The theory behind the 'cold poker master.'
Jeopardy is a human problem "solved" by a machine, but poker is a machine problem at the outset. Winning, or maximizing one's winning potential, is a matter of analyzing a card game as a succession of states, wherein each state offers players probabilities of certain events happening or not happening that can then be maximized in the interests of winning. Poker is a natural computer science problem, but, fortunately, computers are rarely allowed at the table.
Yet, sometimes they are. Meet Lengpudashi, a poker bot developed by researchers at Carnegie Mellon University whose name translates to "cold poker master." Which is perfect. In a recent set of exhibition matches on China's Hainan island, Lengpudashi won $792,327 in poker chips over the course of five days and 36,000 hands. Its opposition was Team Dragon, a group of human engineers and computer scientists led by Yue Du, an amateur poker player and venture capitalist who took home a 2016 World Series of Poker golden bracelet (the first Chinese player to do so).
Lengpudashi's win meant an IRL $290,000 in prize money, which will be reinvested in Strategic Machine, an AI company founded by CMU researchers Tuomas Sandholm and Noam Brown. An earlier poker bot developed by the duo won $1,766,250 in chips earlier this year in an epic 20-day match against five of the world's top poker players.
However natural it may seem as an AI problem, poker isn't Go.
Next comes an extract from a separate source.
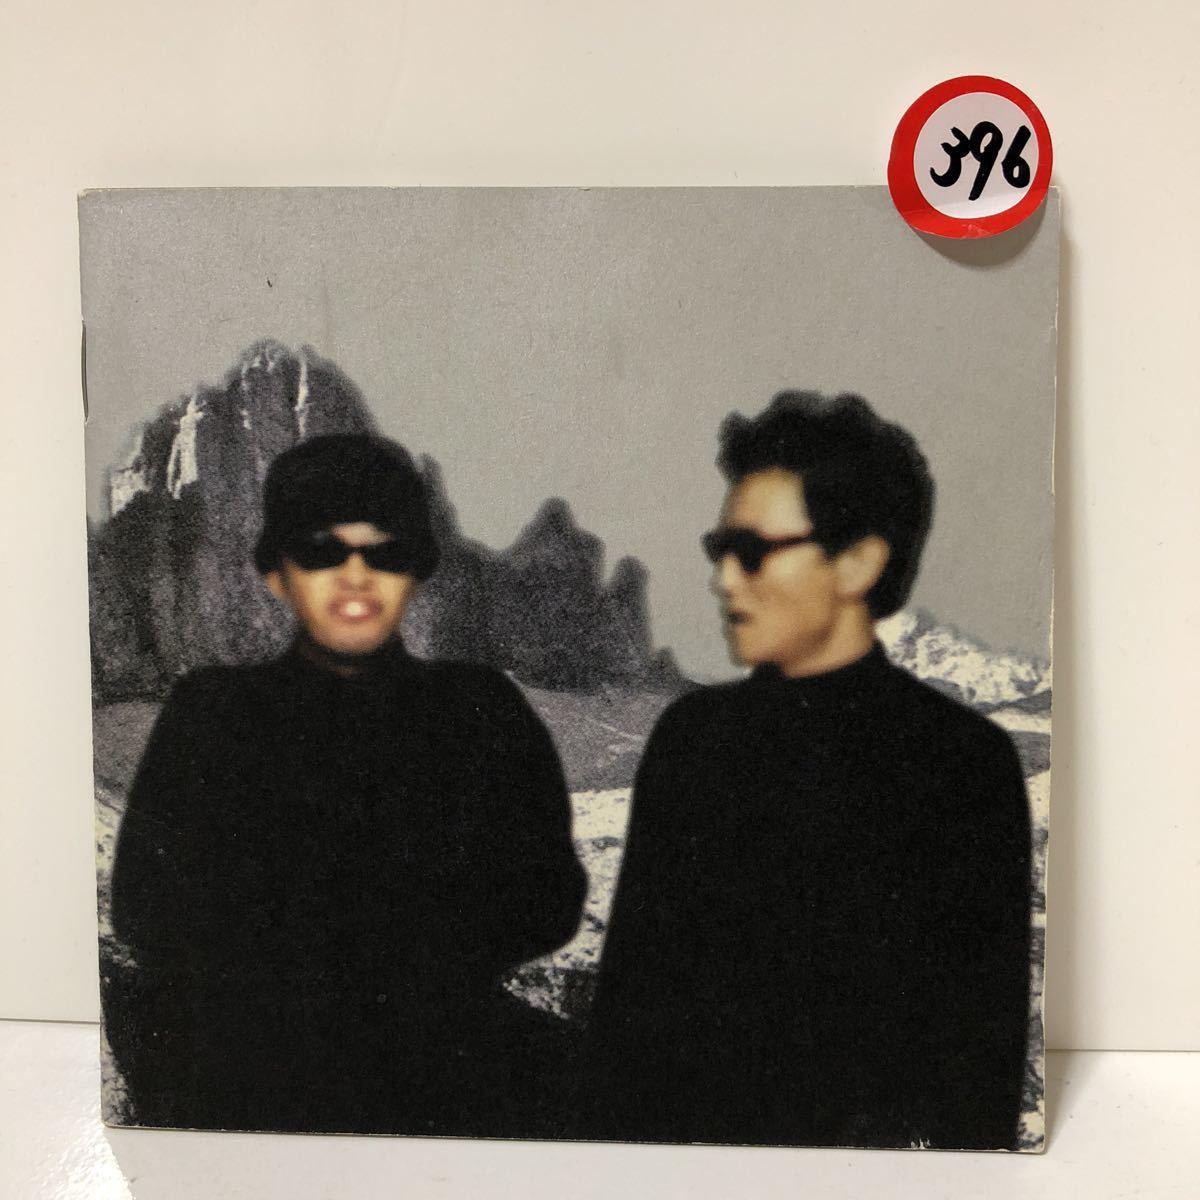 CD 蔵出し-396【Jポップ】(レンタルおち) ショッピング / 井上陽水.奥田民生_画像1

Poker introduces the problem of incomplete information. A machine playing Go or chess can observe a board and know immediately the complete state of the game. Like a human poker player, however, the poker bot only knows what it sees. The best it can do is count cards—based on what's on the table and in my hand, what cards are left in the deck? This set of remaining cards only constrains possibilities. Luck makes the final call. Luck, after all, is just what we don't know.
More technically, poker is an example of an information-imperfect game. Sandholm and Brown go deeper in a paper presented earlier this year at the AAAI-17 Workshop on Computer Poker and Imperfect Information Games in San Francisco. The technique described in the paper for such problems is a variation of what's known as "endgame solving."
In a information-complete game like checkers or chess (or Go), the computer's strategy is to decompose the larger game into a bunch of smaller games. Iteratively solve those problems and you should wind up with a solution to the whole problem. This is endgame solving as it's usually understood. Checkers was definitively solved in this fashion.
"In imperfect-information games, endgame solving is drastically more challenging," Sandholm and Brown write. "In perfect-information games it is possible to solve just a part of the game in isolation, but this is not generally possible in imperfect-information games." Imperfect-information games have to be solved as whole entities, not through decomposition.
This is a problem with large games, like No-Limit Texas Hold'em. No-Limit Texas Hold'em has 10 165 nodes that have to be computed in order to be "solved."
The general answer to this problem is for algorithms to create more manageable abstractions of the whole game that are essentially miniaturized versions. Solve the little version of the game, and you can then remap it to the larger game. The catch is that a lot of complexity from the real game is lost in the abstraction process, which in many cases means the remapping just doesn't do the job.
The solution devised by Sandholm and Brown is known as Reach-Maxmargin refinement. The basic idea is to take this mini-games and imagine them along different paths that the whole game might take as it evolves. In their words, it's "a new method for refining endgames that considers what payoffs are achievable from other paths in the game."
The result is essentially an algorithm that knows how to bluff. It understands that it can benefit from preventing the game from progressing down certain paths and seeks to manipulate that. "People have a misunderstanding of what computers and people are each good at. People think that bluffing is very human —it turns out that's not true," Brown told Bloomberg. "A computer can learn from experience that if it has a weak hand and it bluffs, it can make more money."